The invention discloses solar energy photovoltaic component and building integrated photovoltaic component a kind of solar energy photovoltaic components of the present invention, and including metal backing, the metal backing surface is provided with insulating layer；Mat formation on the insulating layer solar battery cell；Solar-energy photo-voltaic cell cell surface is mated formation gluing oxidant layer；The gluing oxidant layer is Nian Jie with glass panel by solar battery cell.Solar energy photovoltaic component and building integrated photovoltaic component in the present invention, voltage is low, safe to use.Its every piece solar battery cell works independently, even if a certain piece of solar battery cell is blocked or damages, it is also only the single failure of the solar cell for being blocked or damaging, it will not cause other solar battery cells to fail, it will not cause the circuit malfunction residing for it, therefore it is more suitable for being used in open air, is not easy to be affected by the external environment.

Description

New solar photovoltaic components and building photovoltaic integrated components

technical field

The invention relates to a novel solar photovoltaic component and a building photovoltaic integrated component.

Background technique

Commonly used solar photovoltaic modules, each battery pack is composed of multiple solar cells connected in series. During use, such a setting method will bring unexpected troubles. For example, when leaves or foreign objects fall on the solar cells, they will block the sunlight. The shaded solar battery unit will reduce the power generation efficiency or even fail completely. If a solar battery unit fails, the entire battery module will fail. In addition, when a certain solar cell unit fails partially or completely, it will generate heat, and in severe cases, hot spots will be formed. When a solar battery unit fails, it will also cause a voltage increase, and in severe cases, the solar battery unit will be broken down.

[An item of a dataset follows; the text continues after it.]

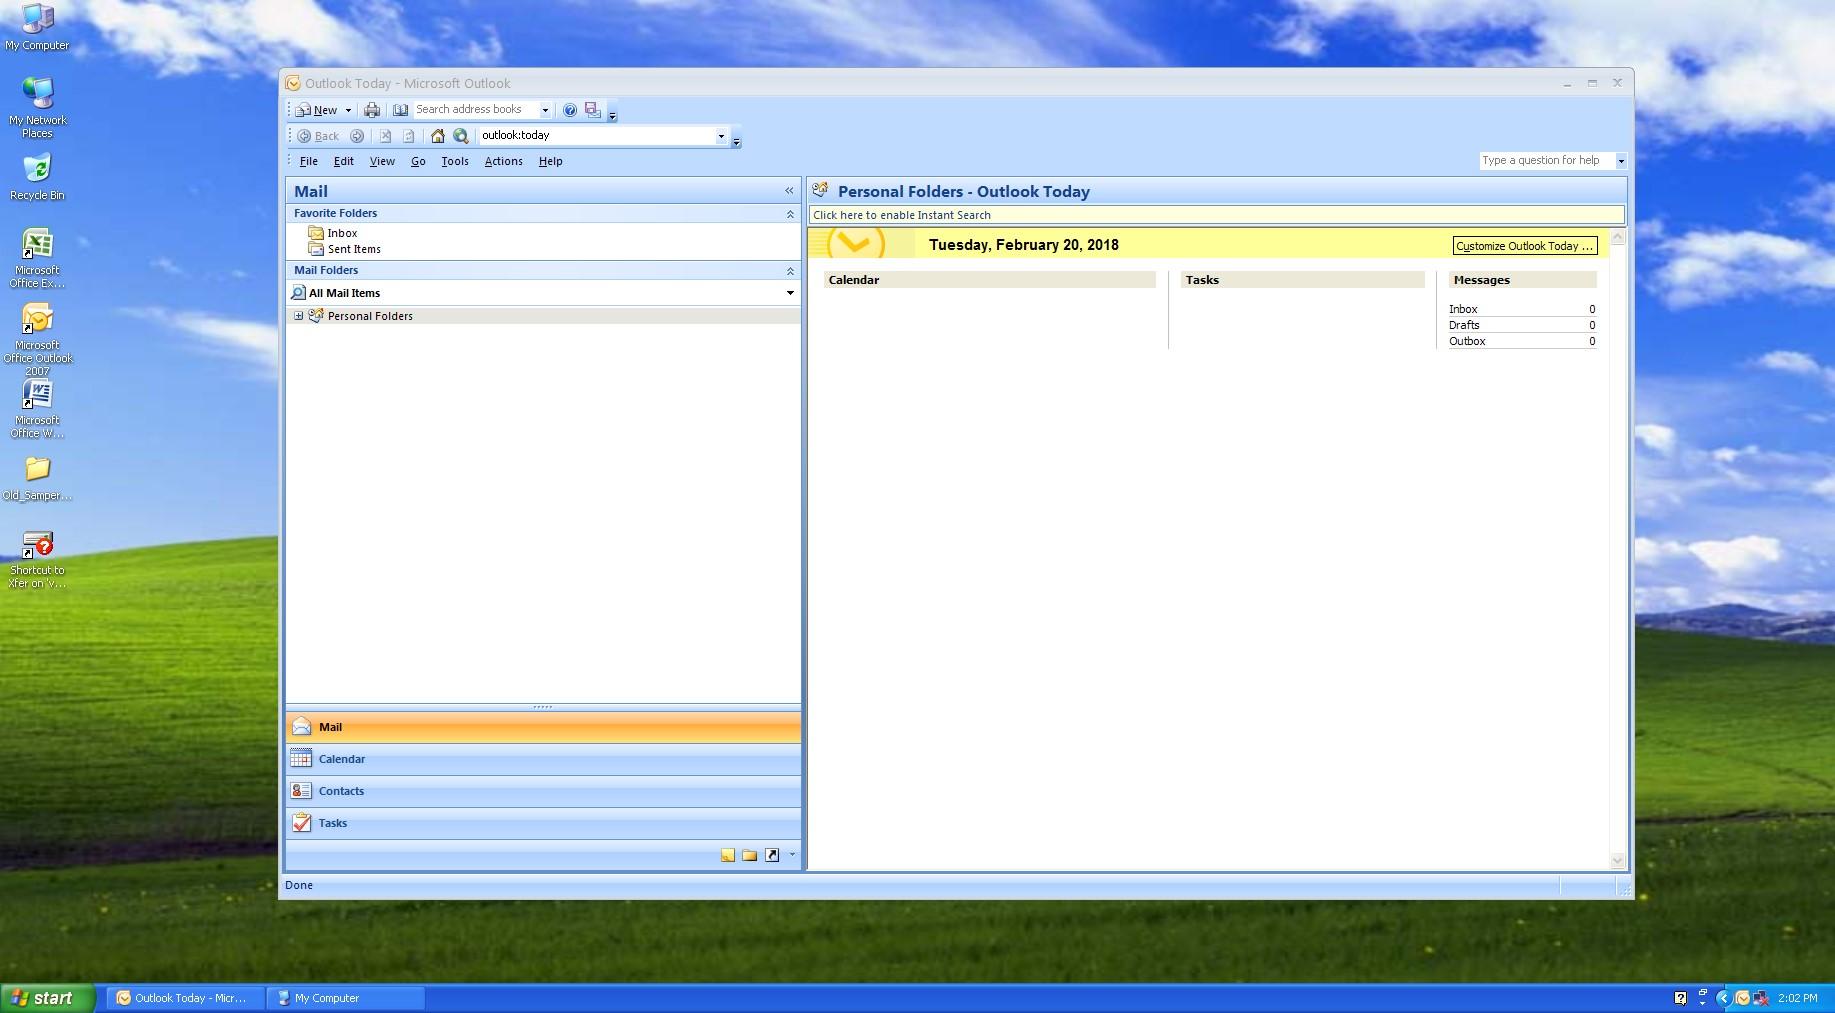 Color screenshot of a Windows XP desktop showing a Microsoft Outlook window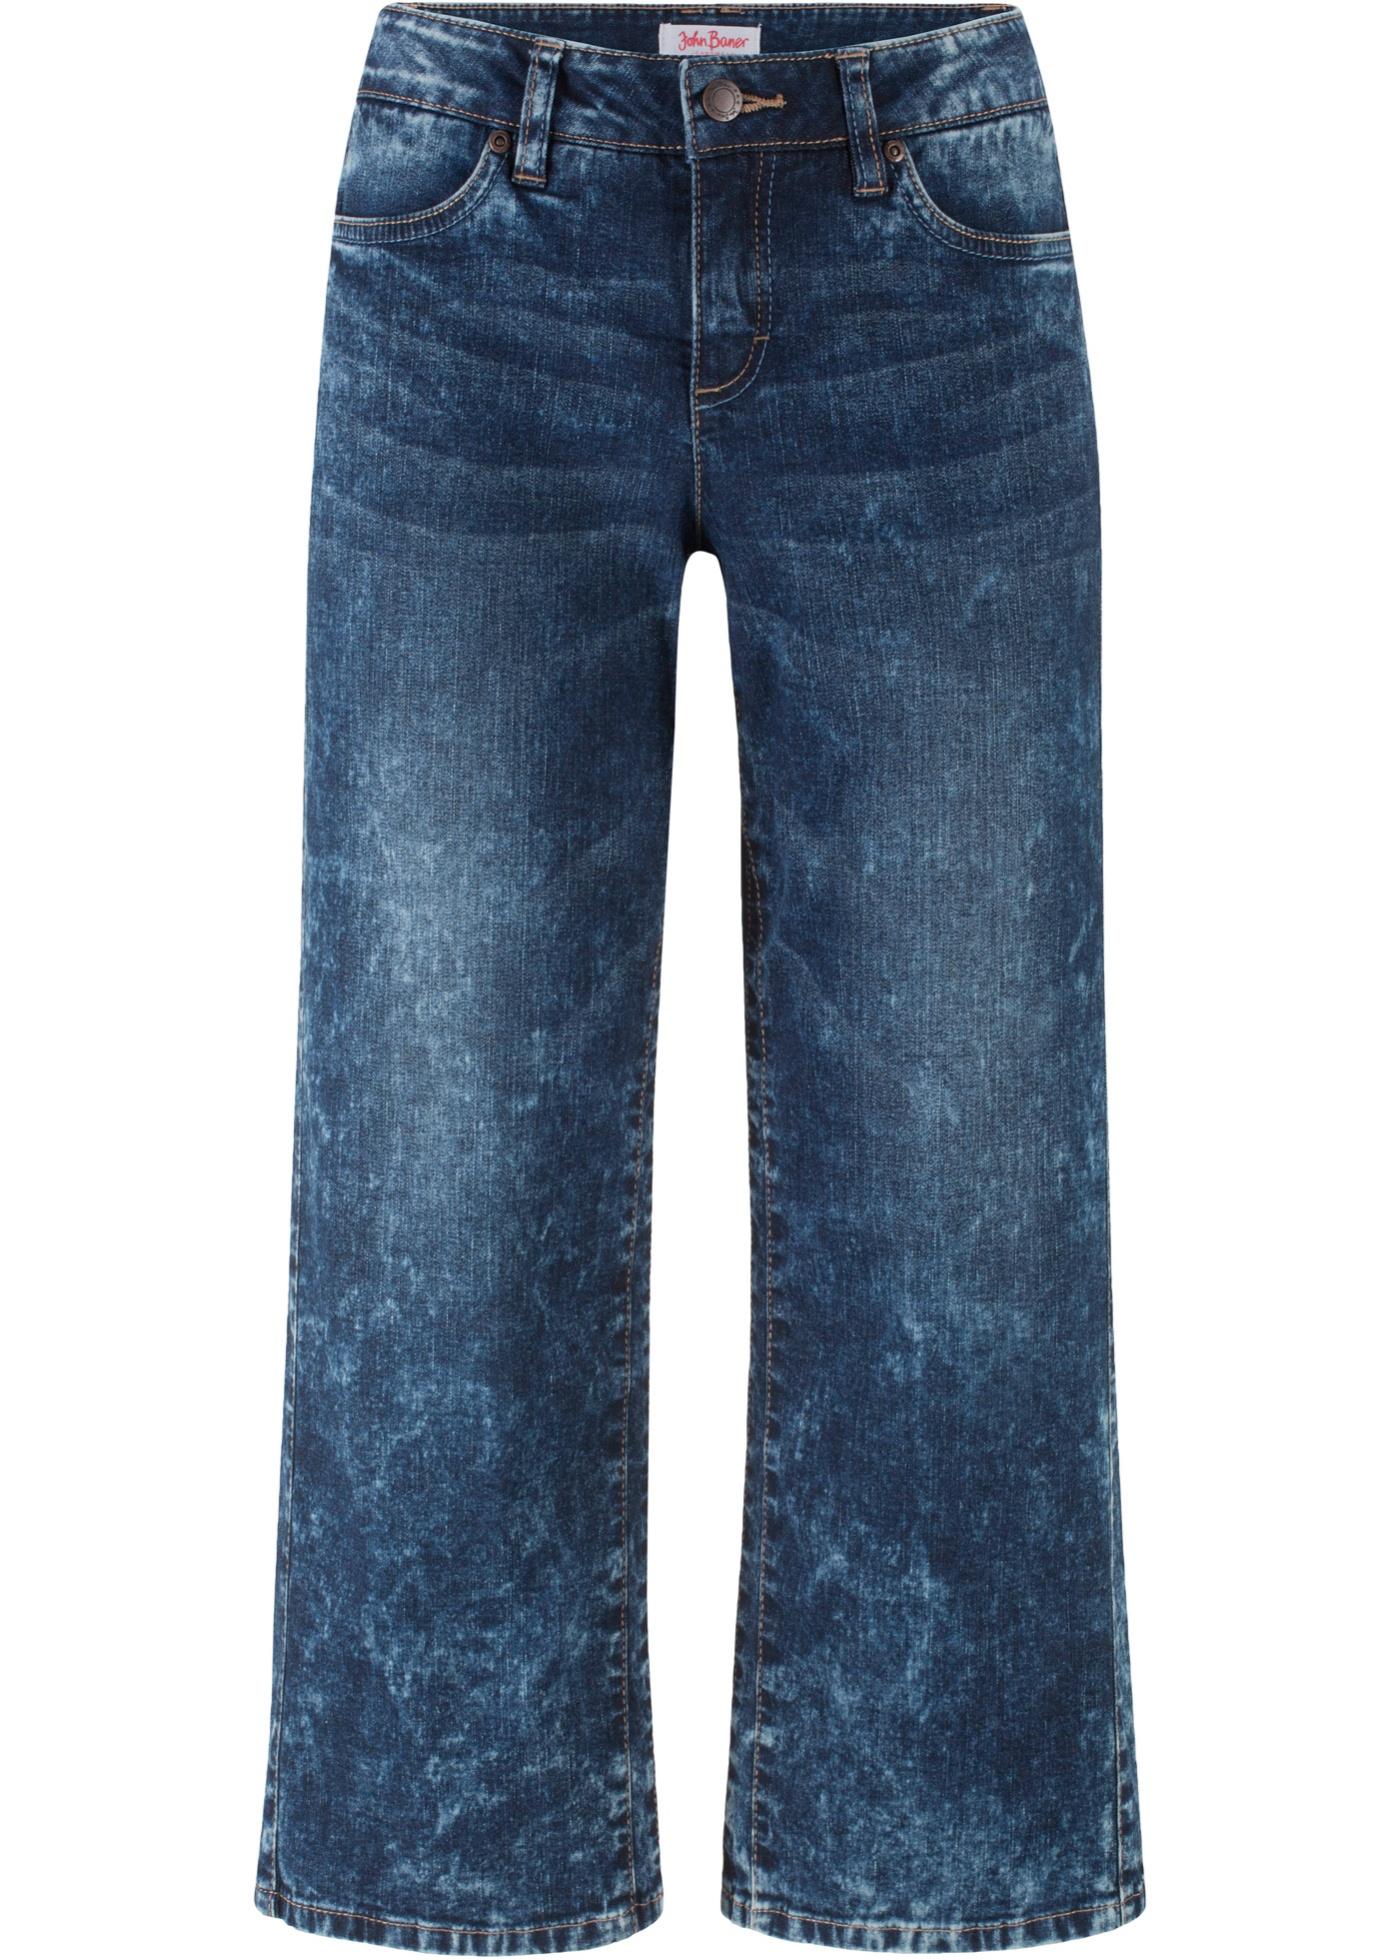 Bonprix - Jeans 159.00

Due to the risk of breakdown, only polymer materials can be used for the back sheet of the solar cell unit, but it is difficult to achieve 100% waterproof effect of polymer material sealing, which not only reduces the service life of the solar cell unit, but also limits the solar photovoltaic Promotional application of components. The solar cell units in the prior art are connected in series. During use, dust, leaves and other foreign matter will sink to the bottom of the module due to gravity and block the solar cell units at the bottom. Products in the prior art cannot avoid such problems.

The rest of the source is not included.